In the material below, print every line exactly and omit the pictures.

[[ DATA SECTION, beginning ]]

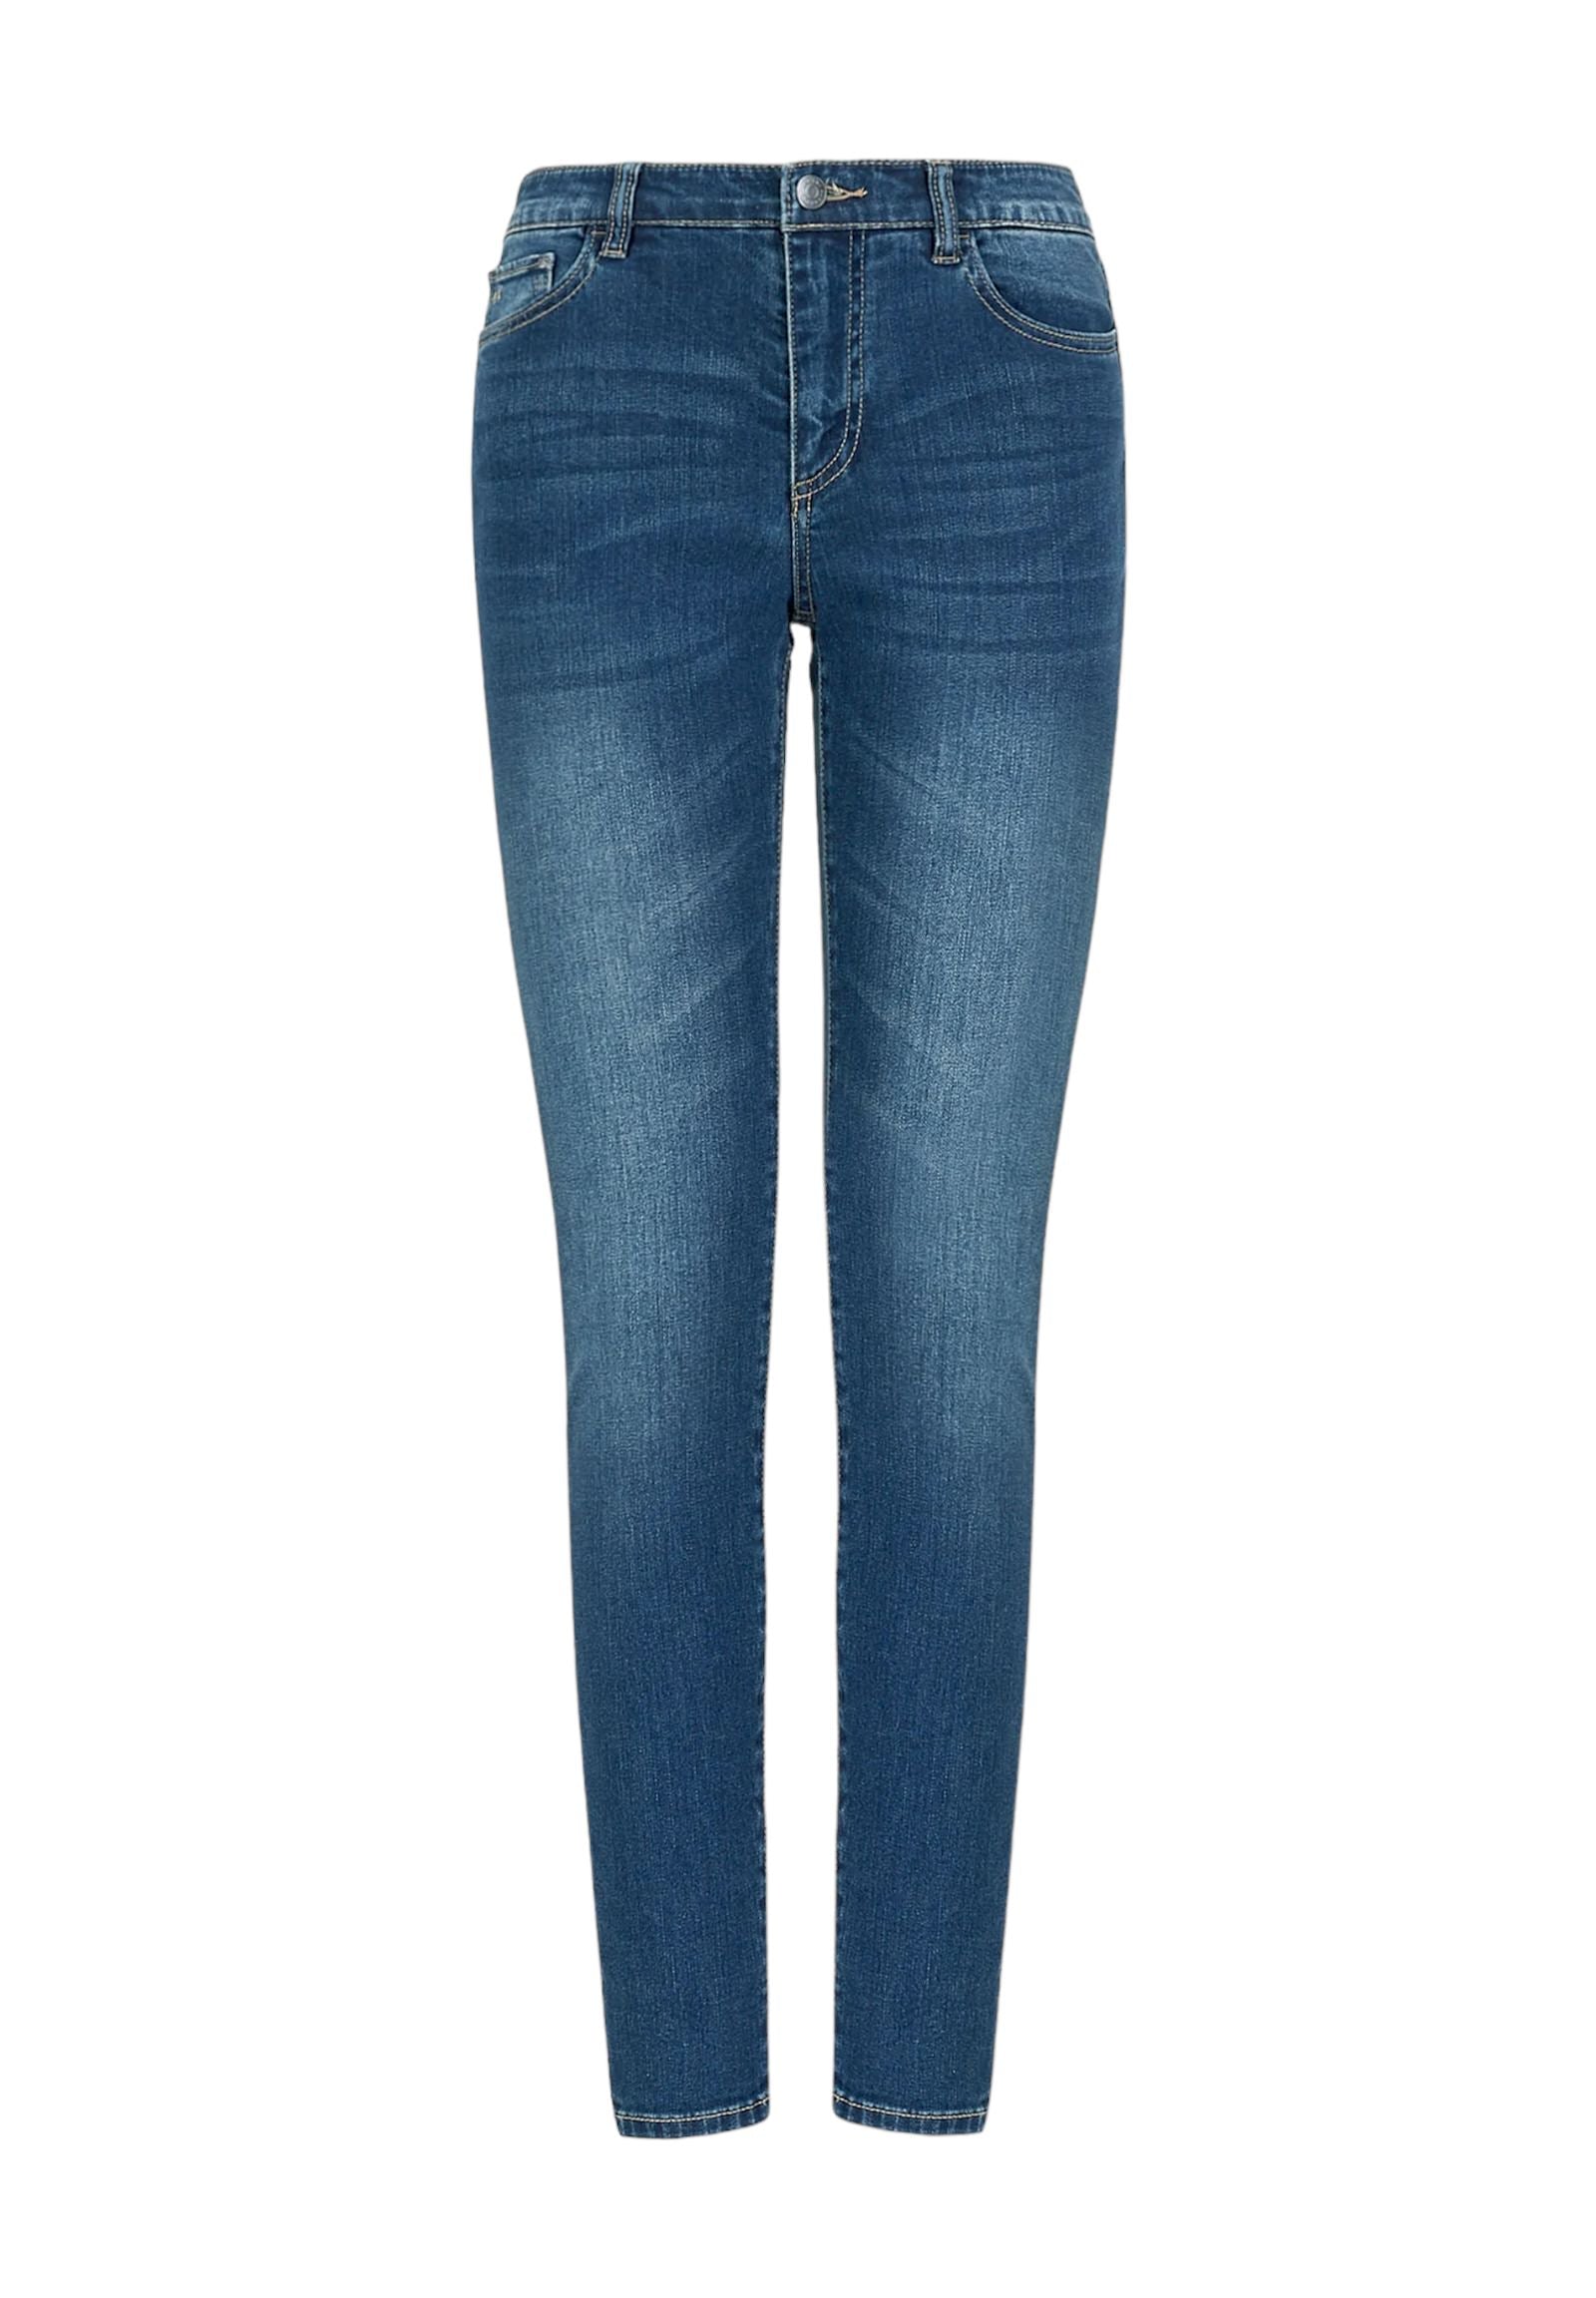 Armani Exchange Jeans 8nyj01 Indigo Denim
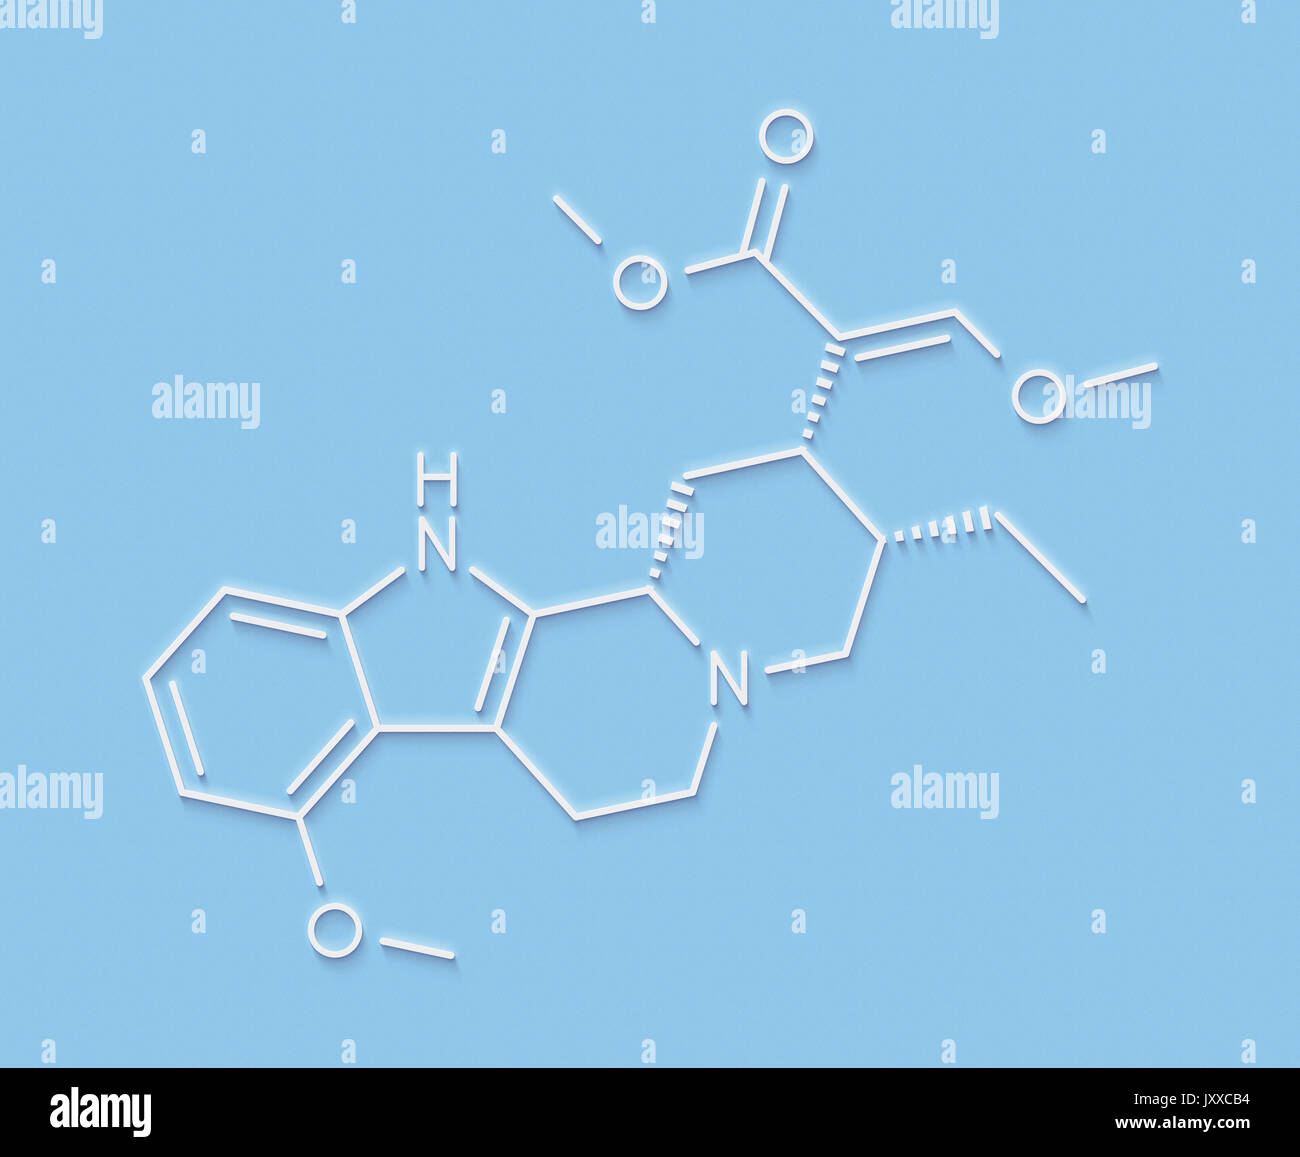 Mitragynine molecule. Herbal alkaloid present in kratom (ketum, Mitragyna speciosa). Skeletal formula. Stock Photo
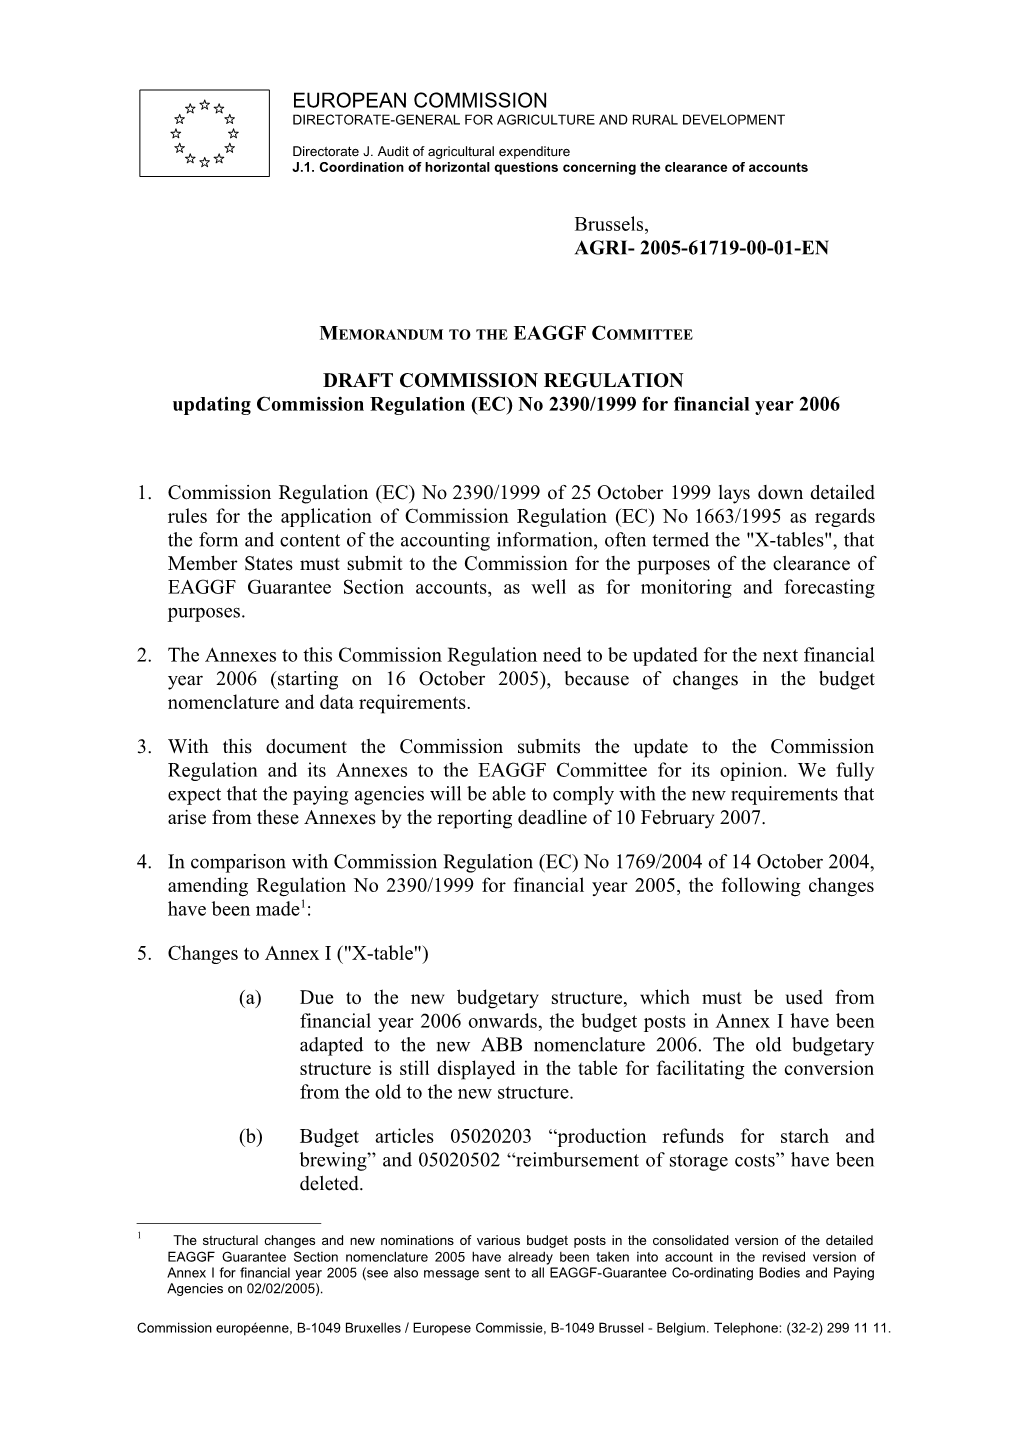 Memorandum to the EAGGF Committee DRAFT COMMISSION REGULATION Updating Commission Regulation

[[ DATA SECTION, end ]]

* _TASK ANSWER_:
 Armani Exchange Jeans 8nyj01 Indigo Denim
 Mitragynine molecule. Herbal alkaloid present in kratom (ketum, Mitragyna speciosa). Skeletal formula. Stock Photo
 Memorandum to the EAGGF Committee DRAFT COMMISSION REGULATION Updating Commission Regulation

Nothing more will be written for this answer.